MIAMI - Hurricane Isabel's sustained winds increased to 160 mph yesterday as the Category 5 hurricane swirled ominously closer to the East Coast.
The hurricane had been lowered to a Category 4 storm after its sustained winds fell to 150 mph, but it was reclassified after a hurricane hunter plane flew into the eye to measure its intensity yesterday afternoon. A hurricane hits the top of the Saffir-Simpson hurricane scale when its winds reach 156 mph.
The slow-moving, powerful storm was still several days from land, and forecasters were unsure whether it would strike the United States. However, computer models predicted that it would turn toward the Carolinas over the next five days.
"It's not definite, but things are looking more ominous than [Friday] for the East Coast," National Hurricane Center meteorologist Eric Blake said yesterday.
At 5 p.m., Isabel was centered about 375 miles northeast of San Juan, Puerto Rico, and moving west-northwest at 12 mph. Forecasters expected it to continue that movement until this afternoon.

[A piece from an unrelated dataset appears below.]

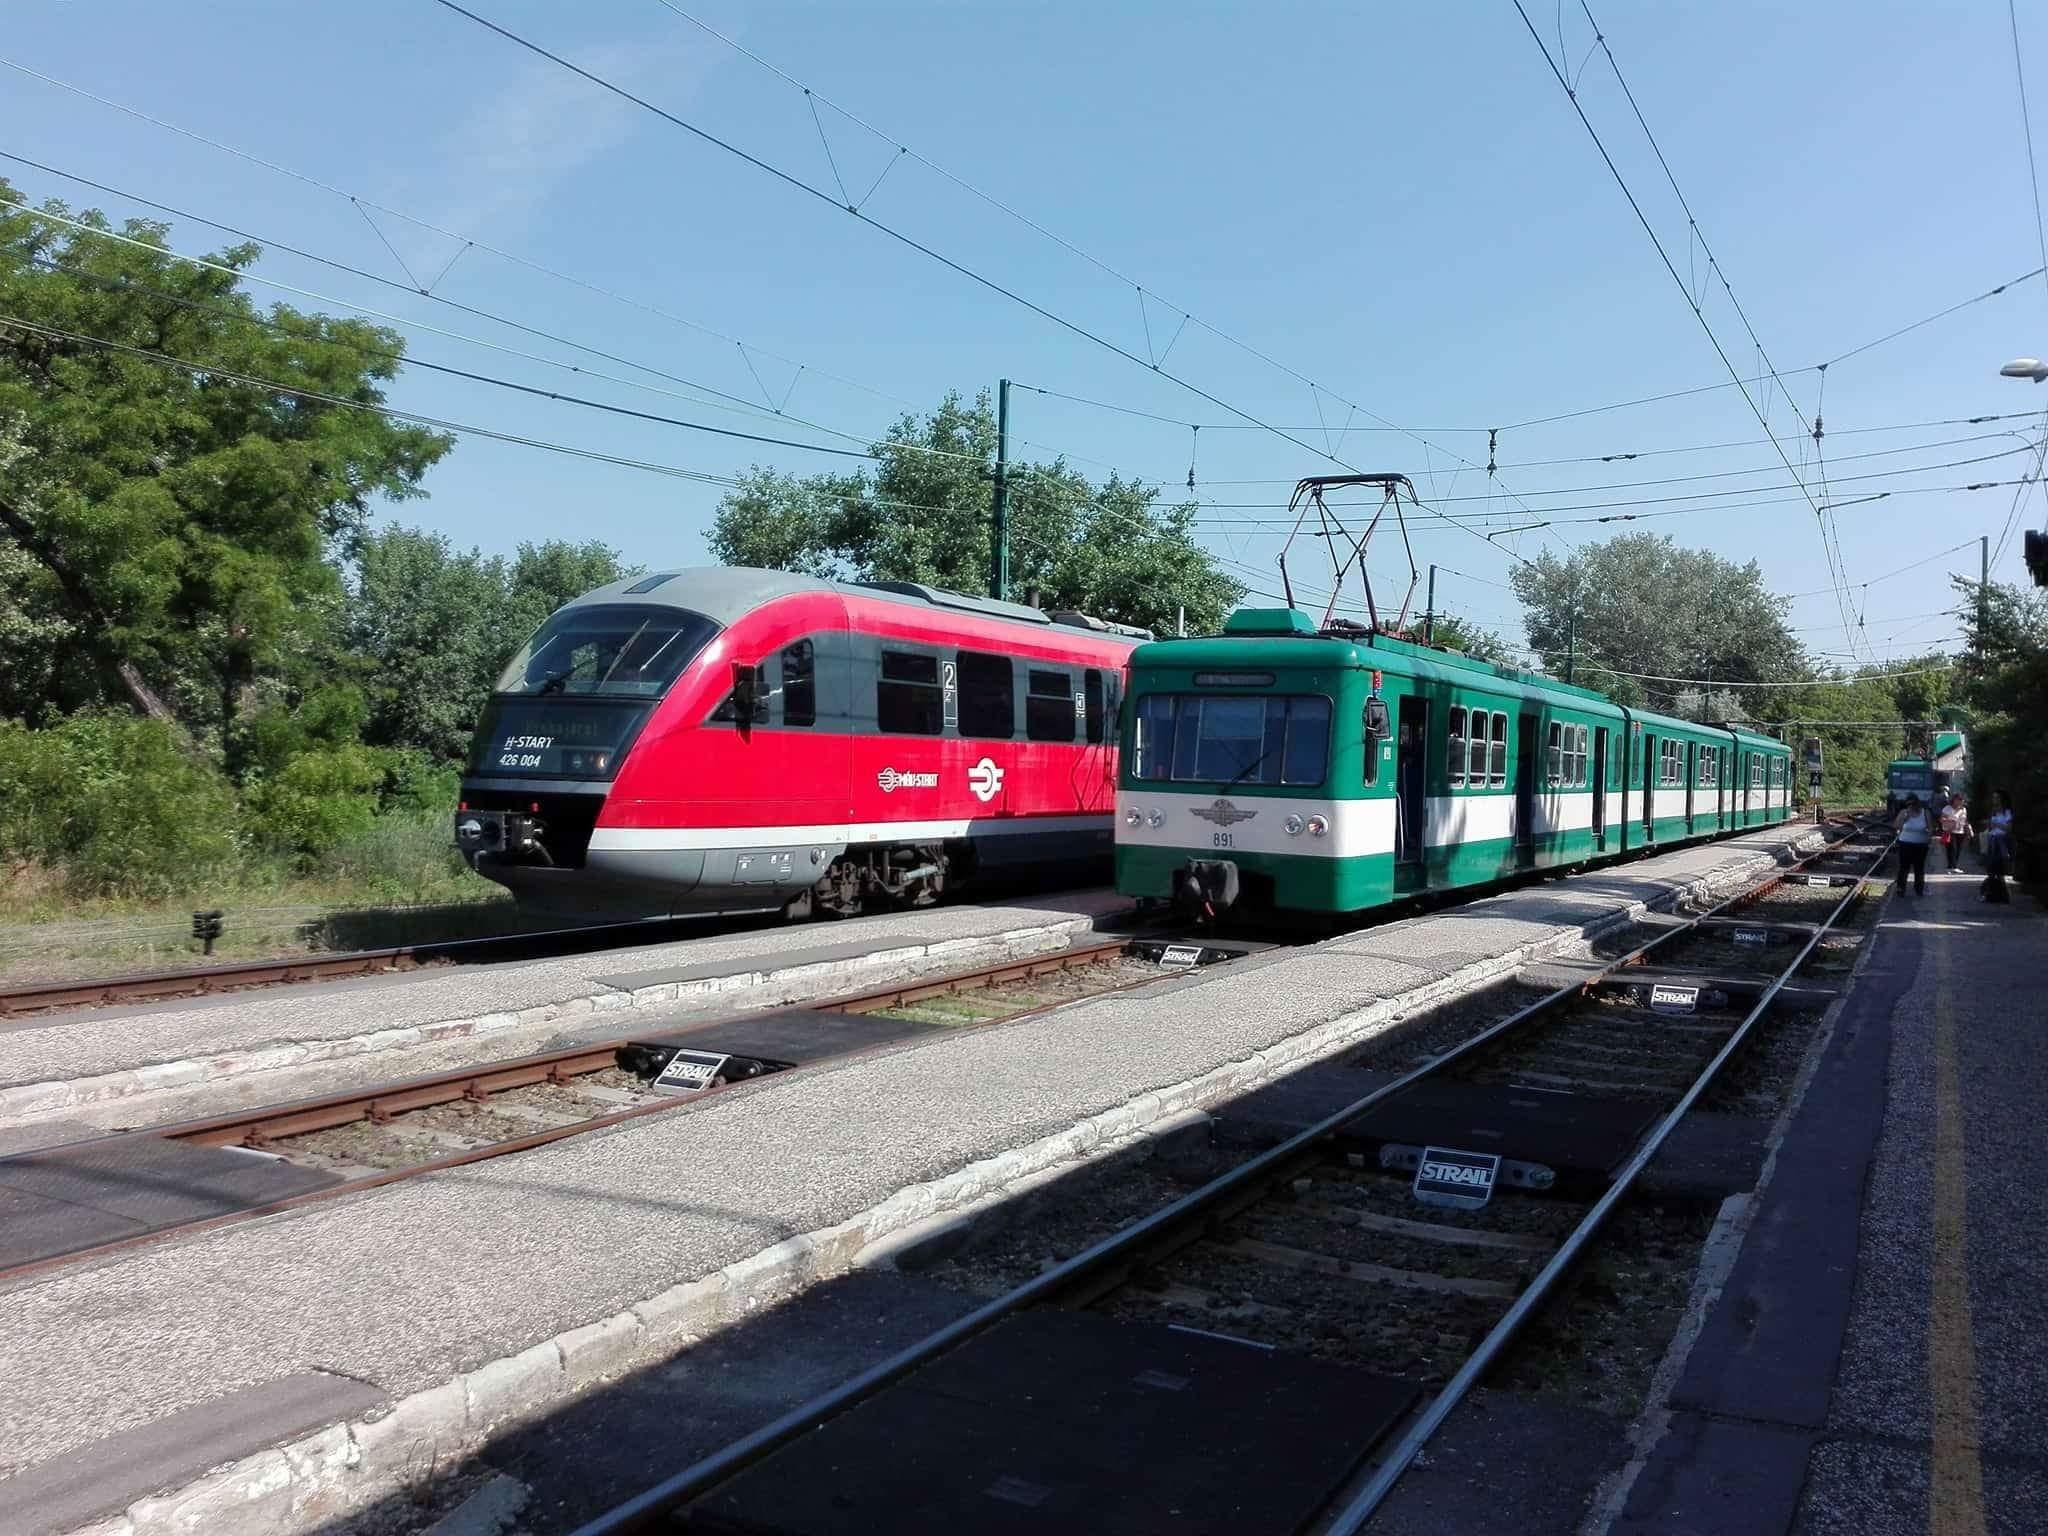 Június 4-től Desiro motorvonatok segítik a HÉV-közlekedést a H6-os (ráckevei) vonalon

The National Hurricane Center's five-day forecast for Isabel puts the hurricane roughly 200 miles east of the North Carolina-South Carolina border early Thursday, if it makes a predicted turn to the northwest.
Forecasters said Hurricane Isabel could still strike anywhere from north Florida through the mid-Atlantic, and officials warned East Coast residents to be alert. They expected to know more about the potential direction of the storm tonight.
Some residents along the East Coast were buying water, plywood and other supplies just in case Isabel made landfall.
In coastal Georgia, the Chatham County Emergency Management Agency encouraged people to review their hurricane plans, which should include adequate supplies, updated insurance coverage and evacuation routes.
South Carolina Gov. Mark Sanford and other state officials were briefed yesterday by the state Emergency Management Division on emergency preparations. The state went on an elevated alert status Friday.
The last Atlantic hurricane to develop into a Category 5 storm was Mitch in 1998, which killed about 11,000 people in Central America.
The last two Category 5 hurricanes to strike the U.S. coast were Andrew in 1992 and Camille in 1969. Andrew, still the most expensive natural disaster in U.S. history with a $30 billion damage toll, tore through south Florida and Louisiana, killing 43 people. Camille killed 143 on the Gulf Coast and 113 in Virginia flooding.